Do you need a Booking Agent/Manager?

Do you have enough gigs/tours yet for it to be worthwhile for an agent to take you on?

Or currently is what you need: better overall time-management and strategy/a virtual assistant/a publicist/cleaner/meal delivery/childcare/more family or partner support to free up your time to be your own Manager and Booking Agent?

According to research conducted by Matt Fripp, over 50% of jazz bookings are taking place directly with the artist - without an agent.

Why would a Booking Agent take you on?

Put yourself in their shoes - consider how many pitches from talented gigging artists that they receive, and what would be deciding factors for them - artistically and otherwise. What's in it for them? How will their costs be covered off the bat?

Being your own booking agent:

Many successful jazz and improvising musicians do not have a booking agent (or manager, or label) - but they do have strategy!

  • Have your ducks in a row (EPK, up to date and active website and socials). Get the basics right, consistently. Make the booking experience as user-friendly and as easy as possible for bookers (no drip-feeding information - utilise Google Drive Folders etc). Don't give bookers a reason not to book you. Sometimes chasing info/confirmation during crunch time results in artists being relegated to the "too hard basket".
  • Is your branding engaging, cohesive, consistent across the board?
  • Make sure your act is amazing live and consider every element including audience interaction and the time between tunes (including tuning). Include live video in your EPK.
  • Build a buzz, find clever ways to go viral through socials and non-traditional/interactive invitations.
  • Attend gigs, festivals, conferences etc. and make sure to start to build a relationship and rapport with bookers over time. Real life connections go much further than cold-calling. Distribute business cards and CDs but be suave.
  • Offer comps (complimentary tickets) for important/bigger gigs to booking agents and venue/festival bookers. And if you do so, make sure to get bums-in-seats by any means.
  • Why should the venue/festival book you? Let them know if you are you similar to their recent acts XYZ, and have a track record of drawing a crowd in that locale.
  • Don't take rejections personally. It's a numbers game.
  • Always follow-up and keep in touch.
  • No response doesn’t mean “no” and often “no” means “not at this time”.
  • Consider hiring a publicist (remember you can include these types of expenses in your grant and funding budgets).

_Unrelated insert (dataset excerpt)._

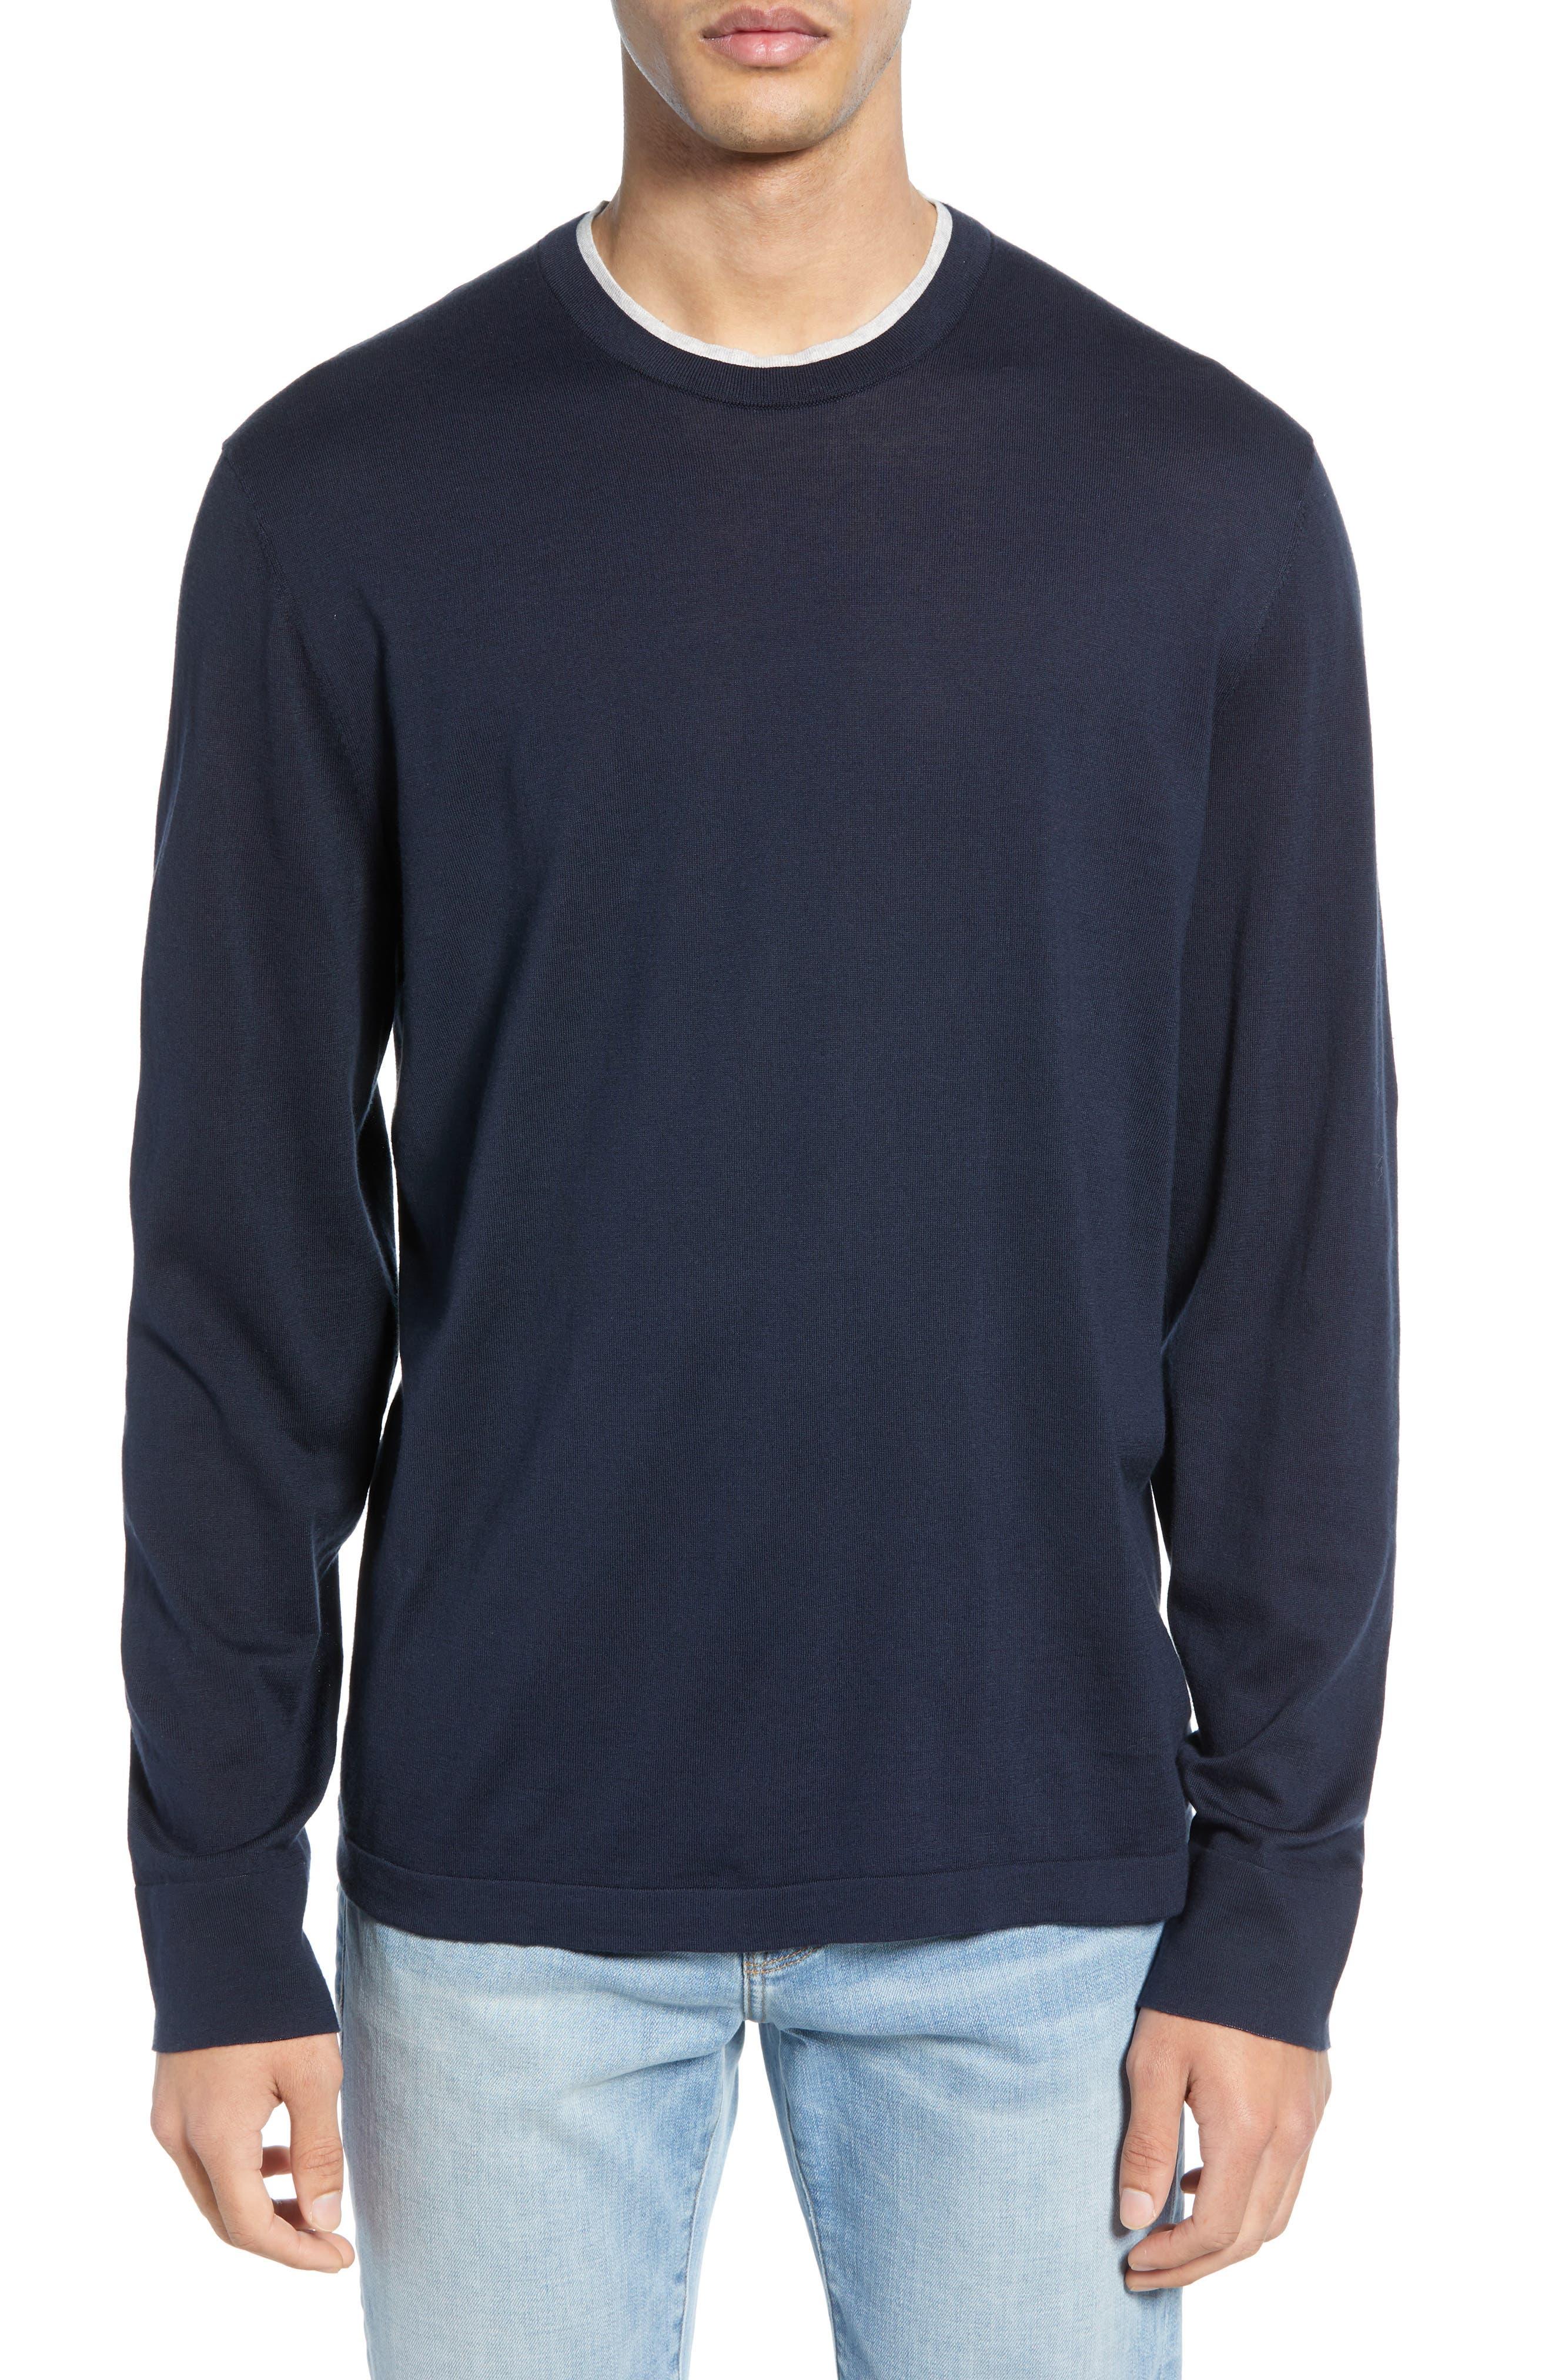 James Perse Slim Fit Cotton Crewneck Sweater, Blue

When you're ready for an agent:

(usually when you have more international bookings than you can manage, especially as there few booking agents working in jazz in Ireland so you may need to seek an international agent)

  • First utilise your networks to get recommended to an agent.
  • Reach out to agents who have artists similar (but different) to you on their roster and draw parallels for the agent (e.g. audience demographic, venues you play, style/genre, but also draw attention to your USP)
  • Google similar artists who are a few steps ahead - often their agency is on their contact page.
  • Many agents attend the jazzahead! trade fair every year. Registration gives you access to agent details in the delegate portal and from there you can set up meetings at jazzahead! with agents (make sure to start this at least 5 months in advance).
  • Further list of agencies:
  • Always follow-up and keep in touch.